The report recommends Microsoft’s chief executive officer and its Board of Directors develop and implement a plan to “make fundamental, security-focused reforms across the company and its full suite of products, and then hold leaders at all levels of the company accountable for its implementation.”

CISA recommendations

The report also recommends all cloud service providers, not just Microsoft, should stop charging their customers for security logs. Microsoft recently announced it will make some security logs available as part of its standard cloud service package.

“Security-related logging should be a core element of cloud offerings and CSPs should provide customers the foundational tools that provide them with the information necessary to detect, prevent or quantify an intrusion, recognizing that many customers will still require additional or third-party analytic capabilities to build a fully mature security program,” the report states.

The report further recommends that the Cybersecurity and Infrastructure Security Agency lead a task force to define and adopt a “minimum standard for default audit logging in cloud services.”

“This standard should, at a minimum, ensure that all access (including access by the CSP itself) to customer business data in the cloud produces logs that are available to the customer without additional charges, with a minimum default retention of six months by the CSP,” the report states.

The CSRB report also lays out several cloud security best practices around authentication tokens, cryptographic keys, and other areas. It recommends that the Cybersecurity and Infrastructure Security Agency “validate annually with major CSPs that provide services to the U.S. government which of these and other applicable security practices they are implementing.”

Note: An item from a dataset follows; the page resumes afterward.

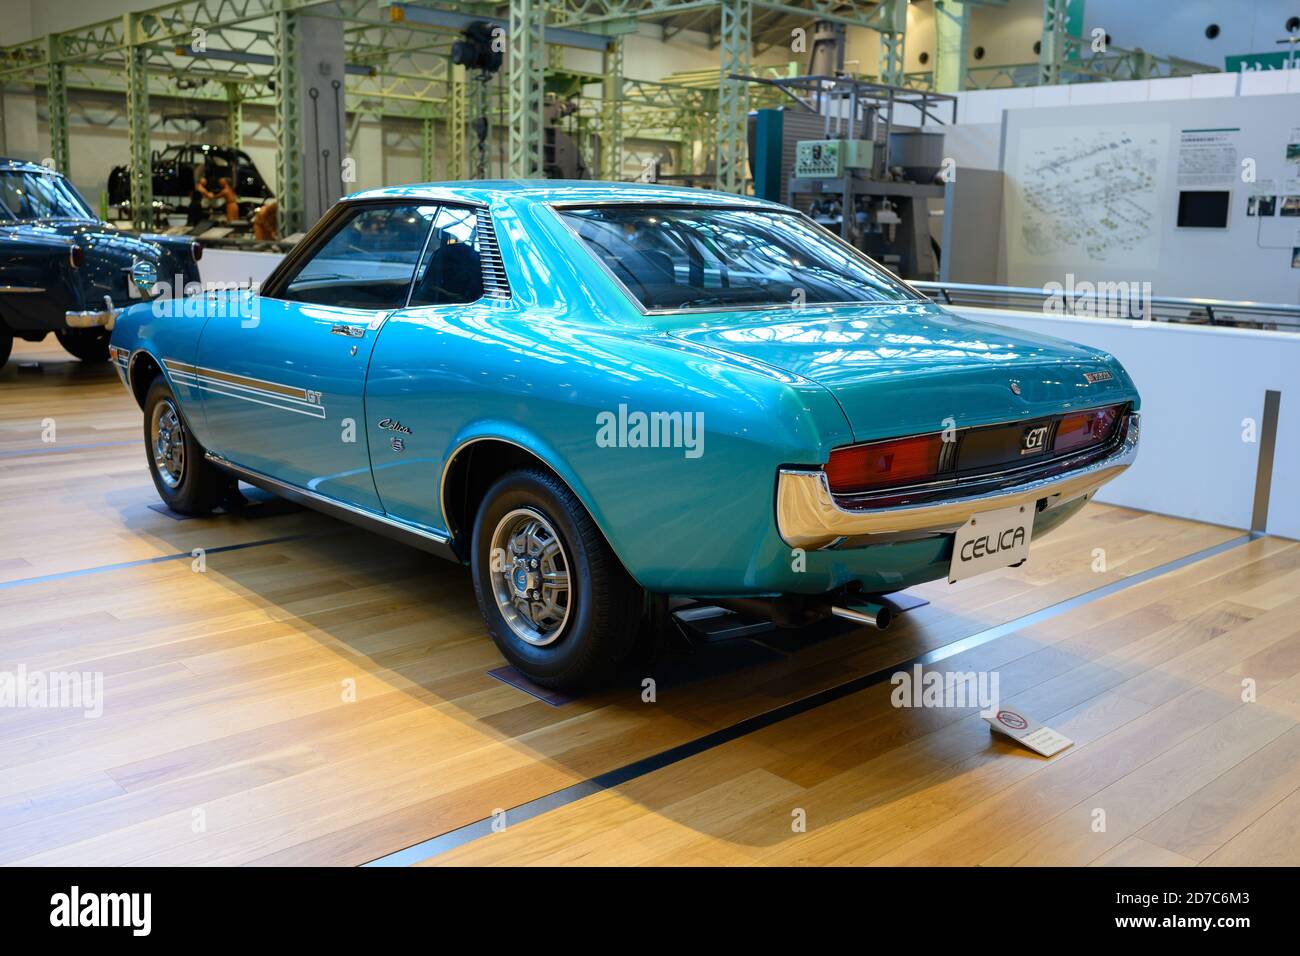 Nagoya / Japan Nov 26 2019 :  Classic sports car model Celica parked in the hall of the Memorial Museum of Industry and Technology. Stock Photo

It says CISA should publish the results of its review, including noting whenever a company refuses to provide the requested information.

FedRAMP updates

The report also recommends updates to the General Service’s Administration’s Federal Risk and  Authorization Management Program (FedRAMP) used by agencies.

“Cloud services are a critical component of the cybersecurity ecosystem, especially when they protect the most sensitive government data,” the report states. “However, the Board finds that existing compliance requirements for government cybersecurity do not consistently require sound practices around key management or token issuance.”

FedRAMP “can play a key role in ensuring stronger cybersecurity practices, including in cloud-based digital identity, across the cloud service ecosystem,” the report continues.

The CSRB recommends FedRAMP “establish a minimum threshold for periodically re-evaluating legacy FedRAMP authorization packages.” The idea would be to review those cloud services that are “widely used across the government,” while others may be considered “high value assets” under federal cybersecurity law.

The board also recommends FedRAMP set up a process for conducting “special reviews” of authorized cloud service offerings. The reviews would “convene security experts within the federal government to make recommendations for security improvements for the CSO,” according to the board’s report.